Nous comptons commencer à moyen terme au-dessus de la frontière mauritanienne, à 75 kilomètres au sud de Dakhla environ. Mais le lieu n’est pas encore clairement défini, nous avons rendez-vous avec les autorités compétentes, à Rabat, la semaine prochaine pour discuter des idées et du site concret. Ici, le défi existe et il est même pressant. Les gens réclament une solution. Alors nous avons raccourci le programme avec plusieurs universités et nous nous sommes dit que nous allons faire de mille hectares notre base du projet. Ce sera déjà bien plus efficace que si l’on commençait vite trop gros, comme avec 25 000 hectares sur huit ans de programme. On va raccourcir à mille hectares de structure cellulaire sur deux ans, pour obtenir la meilleure gestion possible du risque, mais aussi une  formation du personnel adéquate et compter sur l’optimisation de la technologie.

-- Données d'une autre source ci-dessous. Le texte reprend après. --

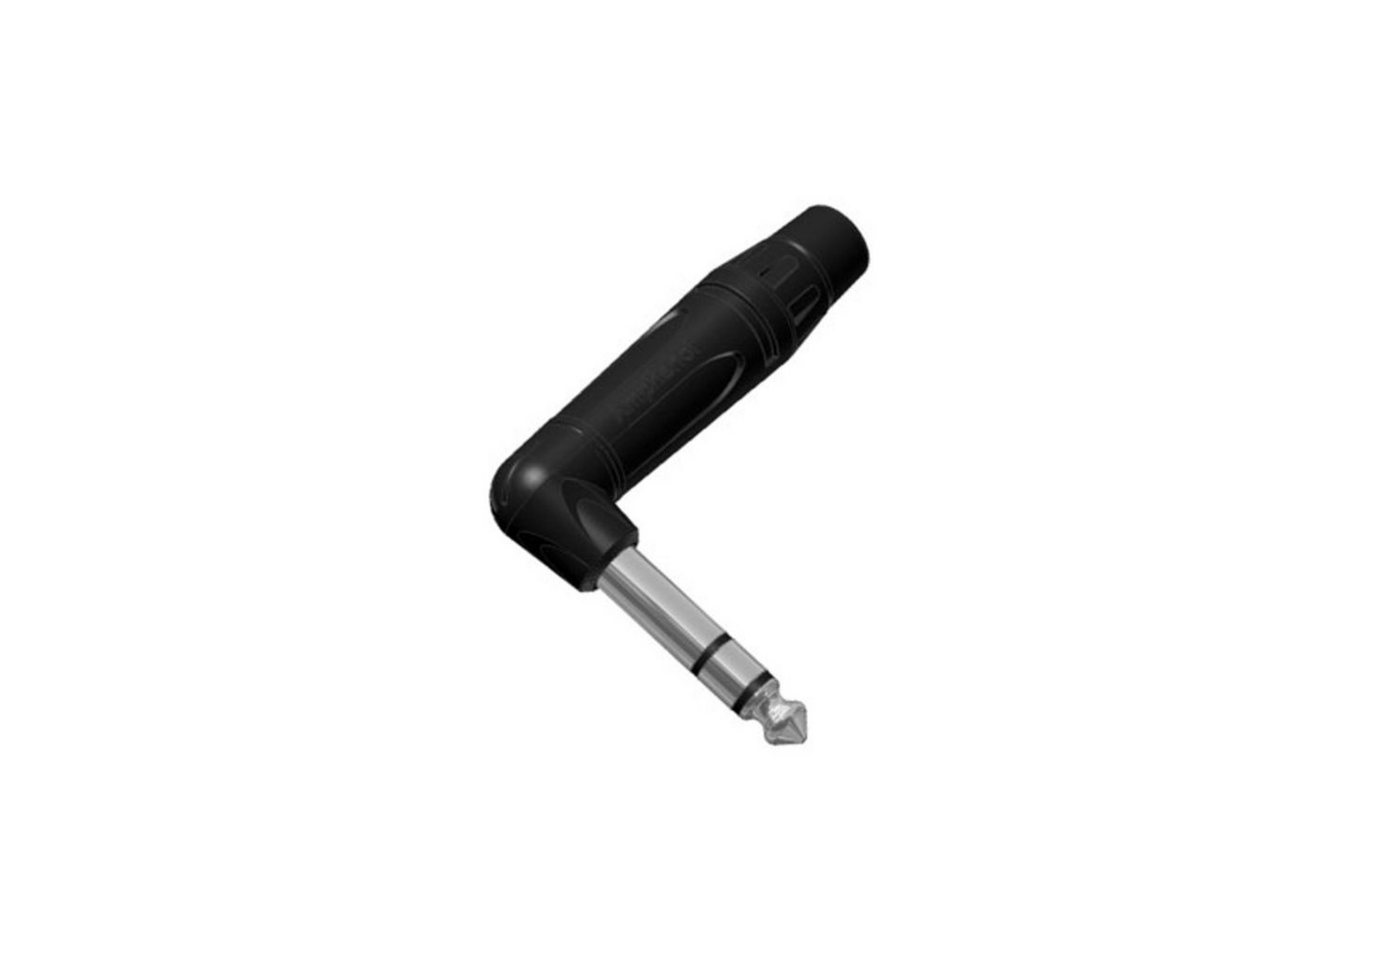 Amphenol Klinkenstecker, (Stecker & Adapter, Kabel-Stecker), ACPS-TB-AU Winkelklinke stereo - Kabel Stecker von Amphenol

Cette question écologique apparaît comme le grand défi du continent, tant elle est responsable de la migration, responsable de la pénurie alimentaire et de l’expansion de certaines zones de sécheresse. Pourtant elle ne semble que trop peu abordée à l’échelle du continent. Comment l’expliquez-vous ? 

C’est précisément le cœur du sujet que vous touchez là. On ne peut pas discuter de la paix et de la sécurité, si vous n’insérez pas dans le contexte africain, une question fondamentale : l’écologie. C’est dans ce cadre que s’inscrit notre projet novateur, qui soutient fermement l’Objectif de développement durable numéro 15, nécessaire à notre avenir.